# Big Train Show, Ontario Ca June 6-7 2015



## vsmith (Jan 2, 2008)

https://bigtrainshow.com/

Just a reminder the BTS is next month for those of us in the SoCal area, I'll be in the same corner I was last year, annoying the sales presentations and being driven deaf by the Del Oro sound effects on vol 11, in other words, the same fun time as last year 

This year I'll bring the Mik's Challenge Rocket Express project both days, maybe another few micro surprises for Saturday.


----------



## toddalin (Jan 4, 2008)

*Shameless Plug*

This is a shameless plug for the the Thursday garden railway tours. Those taking the bus ride will see five of the nicest garden railroads in Orange County. All railroads are owned and operated by members of the Orange County Garden Railway Society.

Vic and Sue Thies _Too Much Fun Railway_ is modeled after the Bryce Canyon with the "stonework" taken from actual pictures.

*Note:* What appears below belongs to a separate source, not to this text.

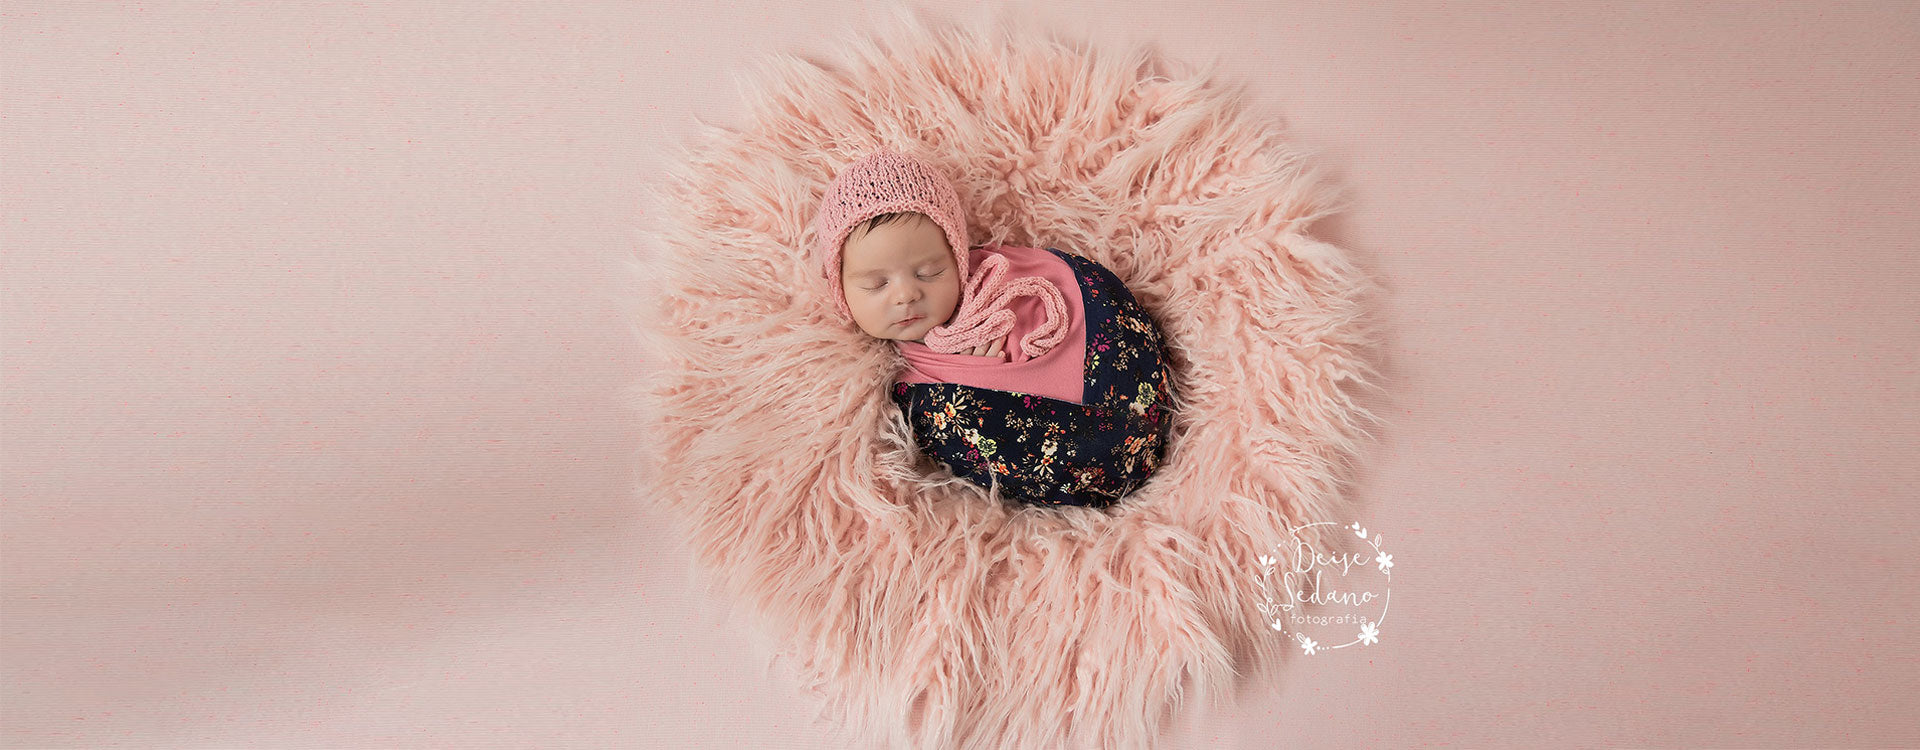 DonJudy New Heart Manta Bebé Recién Nacido Soft Faux Fur

About a dozen trains run through the railroad, patio, and house.






From there it is of to our _Tortoise and Lizard Bash Railway_. This railroad won the _Garden Railways_ Magazine competetion for railways that primarily run diesel power and is featured in the 30th Anniversary Edition.






After lunch, Harald Becker's _Orange Coast and Glacial Speed_ railway offers true 20.3:1 modeling through the Rockies. Again, the "stonework" is spectacular.







From there, riders go to Jere and Susan Edwards true garden railway. This was a formal garden that later had the railroad added. The railroad separates the garden into the different planting areas and provides motion amonst the "still life"
















Finally, guests will take in Gary and Susan Johnson's _Johnson Valley and Twin Falls Railway_. Again, another masterpiece in faux stone with lots of action and a really cool control room that has just been completed.






Note that all railroads have undergone further modification since these videos were taken.

Enjoy!


----------



## Mark_s (Jun 24, 2013)

Bridgewerks will also be at the BTS this year, showing our full range of power controller solutions for G-Scale.


----------



## livesteam53 (Jan 4, 2008)

We are looking forward to it.


----------



## tmejia (Jan 2, 2008)

I'll be there Saturday.

Tommy
Rio Gracie


----------



## toddalin (Jan 4, 2008)

We received a very nice bus load of people today who all loved the railroad. Many wives were being "swayed," some with plans of their own.


----------



## vsmith (Jan 2, 2008)

toddalin said:


> We received a very nice bus load of people today who all loved the railroad. Many wives were being "swayed," some with plans of their own.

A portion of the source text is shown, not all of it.